§ PROVIDED RECORDS:
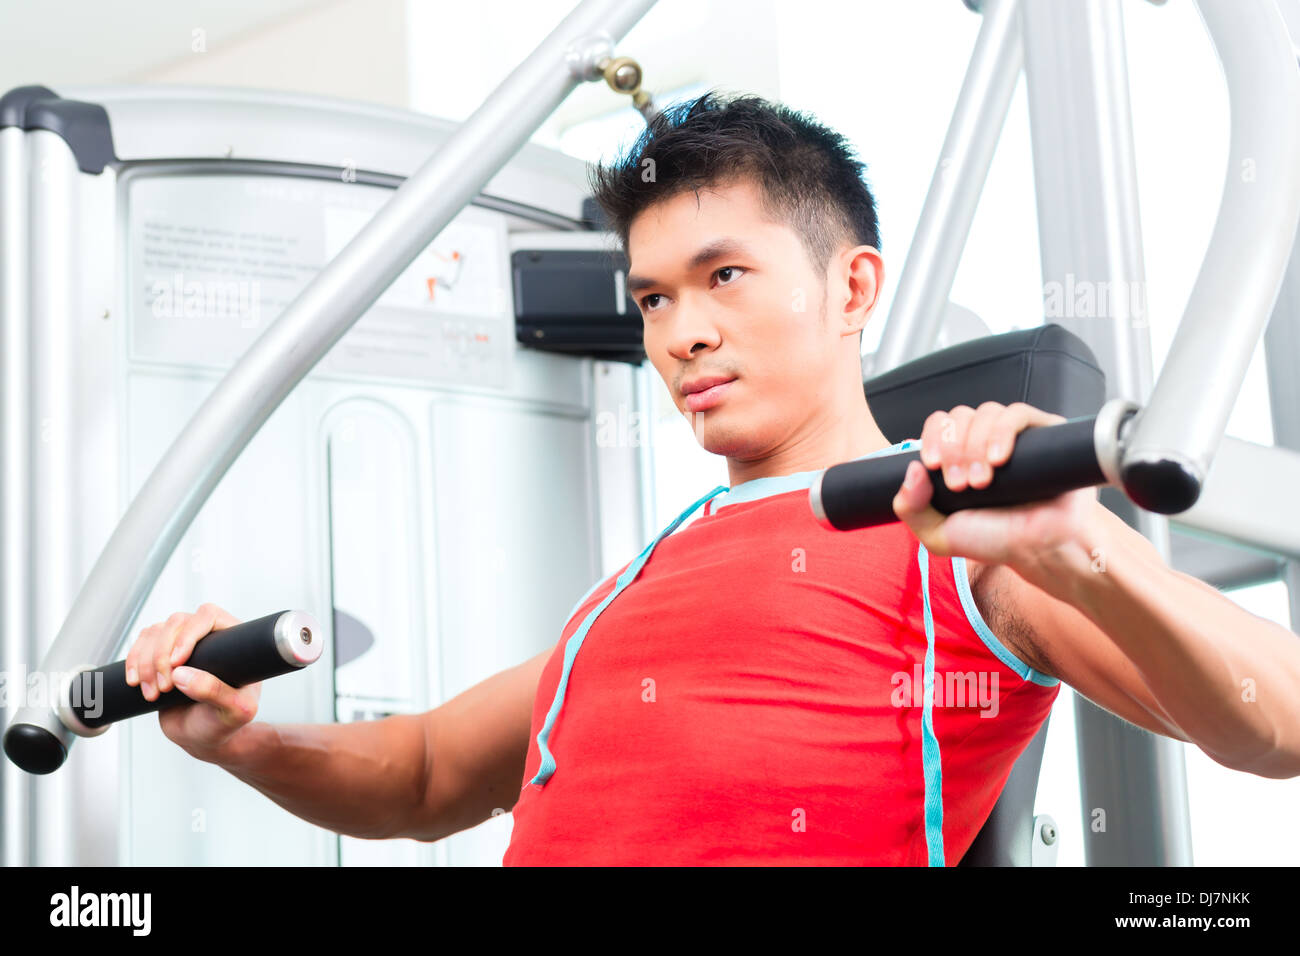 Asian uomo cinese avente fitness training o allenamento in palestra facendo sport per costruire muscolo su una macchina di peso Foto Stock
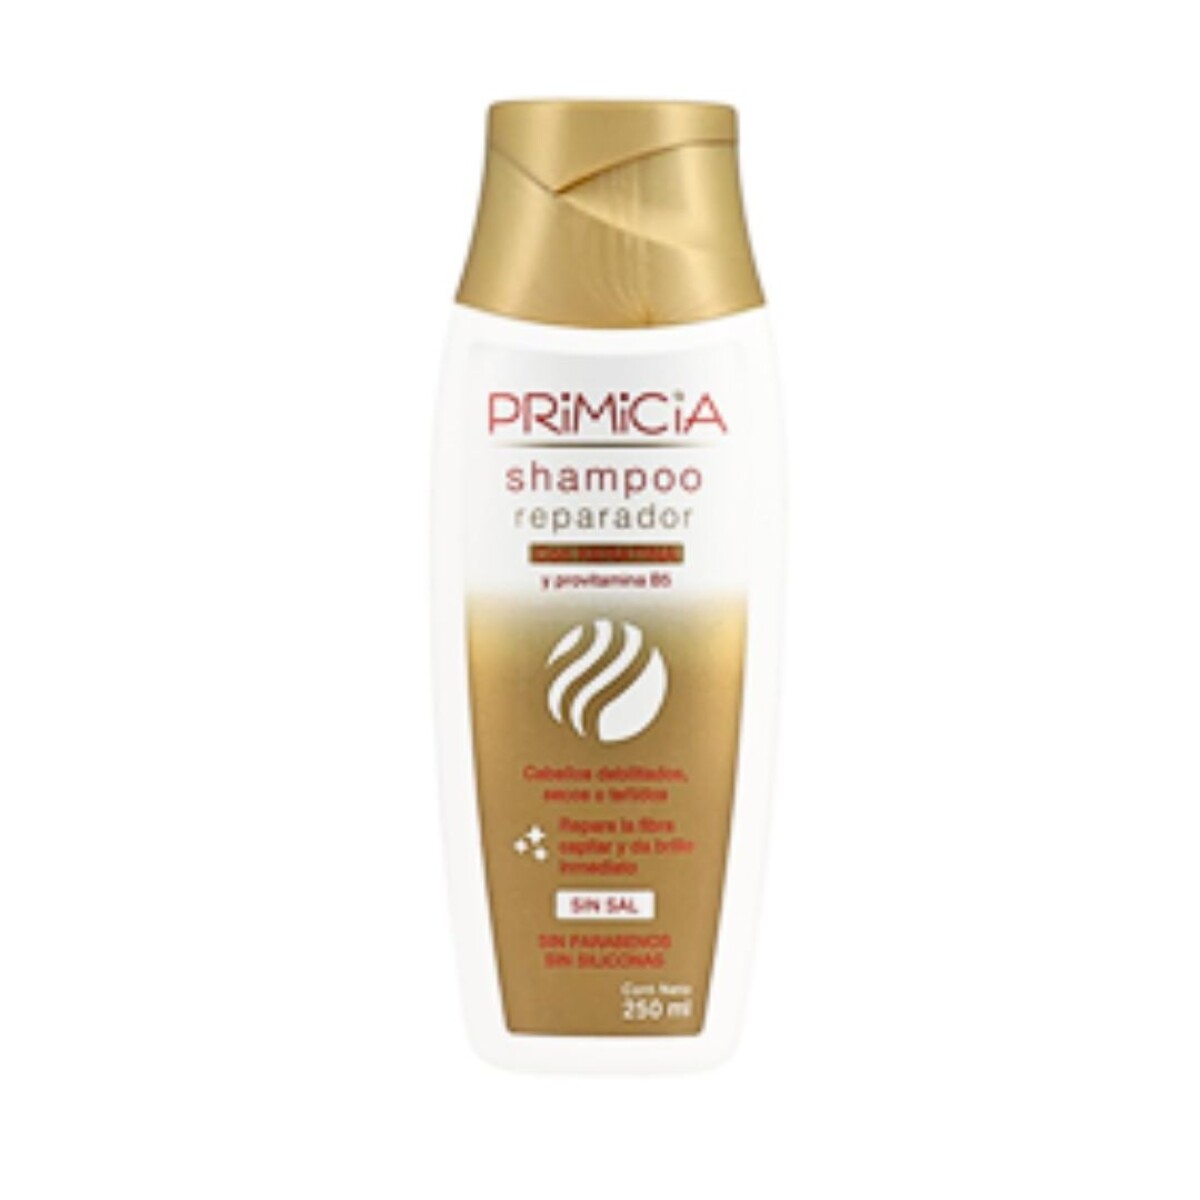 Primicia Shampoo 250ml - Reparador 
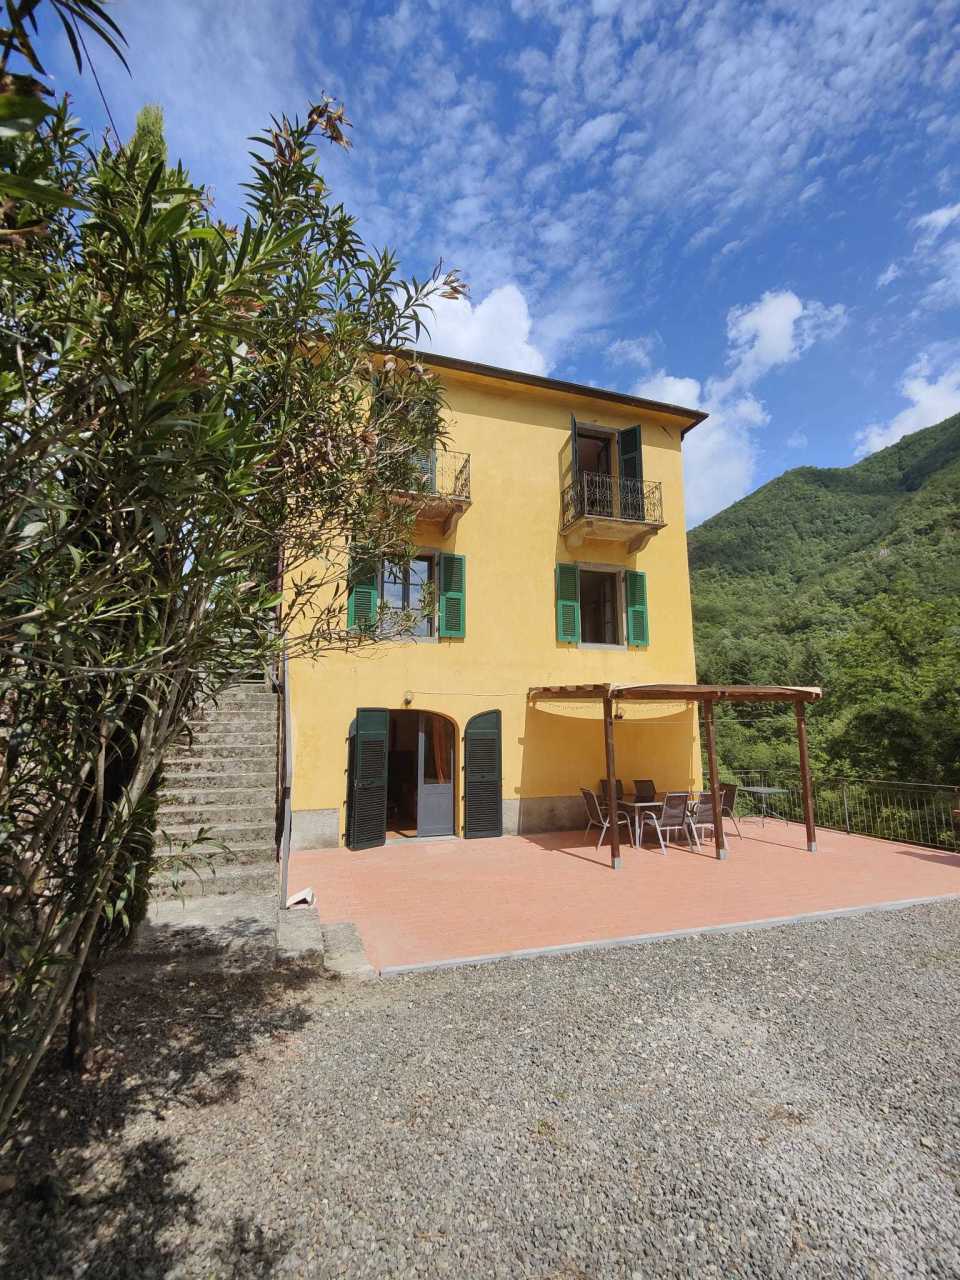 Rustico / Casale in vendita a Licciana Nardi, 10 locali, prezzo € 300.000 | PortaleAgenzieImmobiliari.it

...

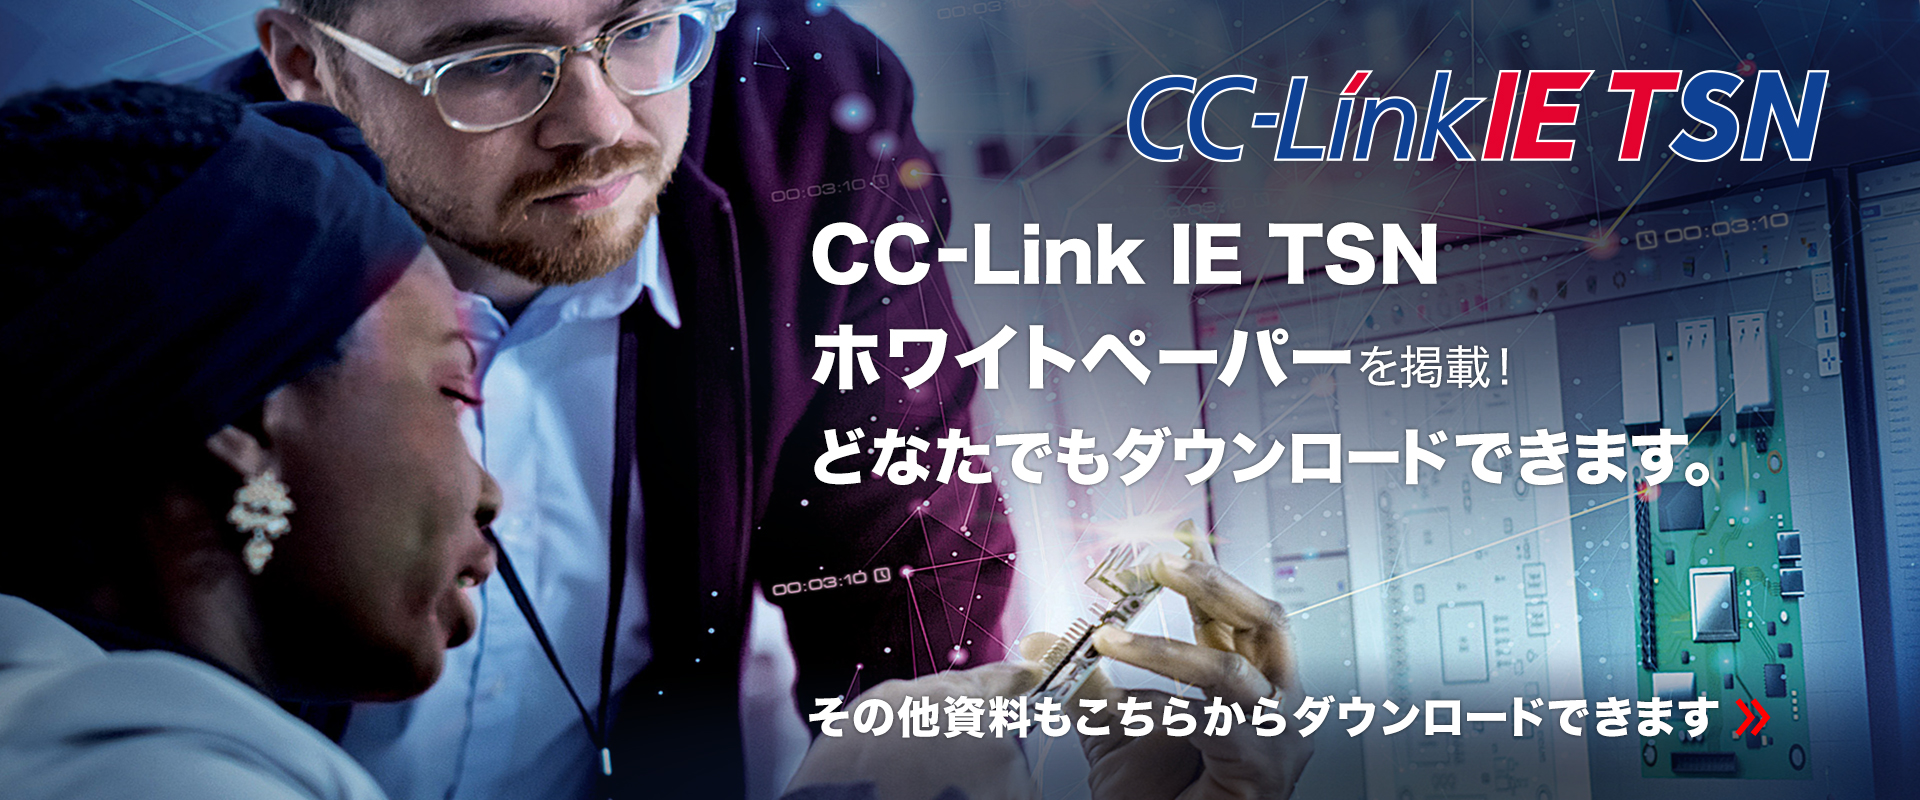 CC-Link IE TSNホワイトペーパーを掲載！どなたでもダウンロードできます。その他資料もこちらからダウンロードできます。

* * *

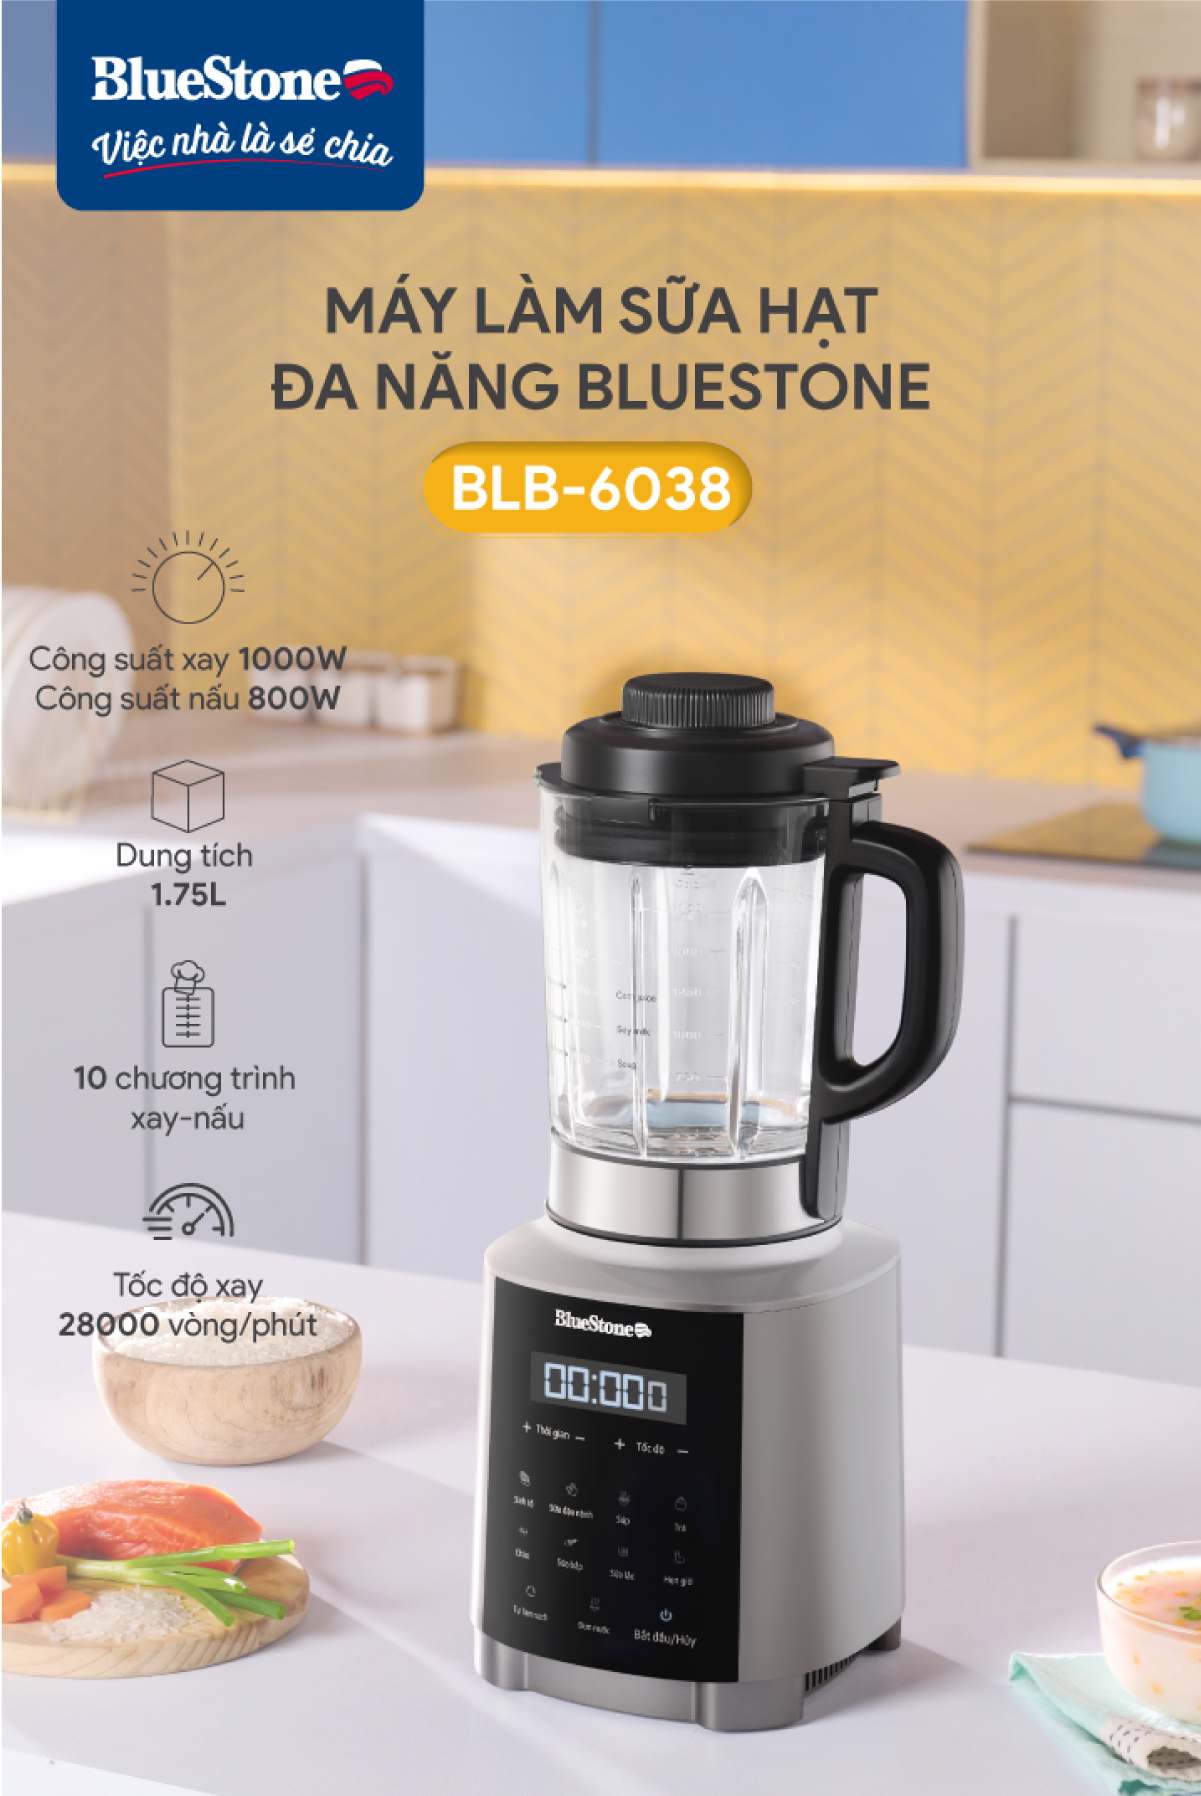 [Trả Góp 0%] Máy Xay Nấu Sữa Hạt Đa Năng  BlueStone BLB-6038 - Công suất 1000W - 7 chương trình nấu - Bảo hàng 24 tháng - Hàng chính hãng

§ WHAT YOU NEED TO DO:
Print an exact copy of the lines above, from the one containing "Asian uomo cinese" through the one containing "Rustico / Casale", and leave out the pictures.

§ RESPONSE FOR THIS EXERCISE:
 Asian uomo cinese avente fitness training o allenamento in palestra facendo sport per costruire muscolo su una macchina di peso Foto Stock
 Primicia Shampoo 250ml - Reparador 
 Rustico / Casale in vendita a Licciana Nardi, 10 locali, prezzo € 300.000 | PortaleAgenzieImmobiliari.it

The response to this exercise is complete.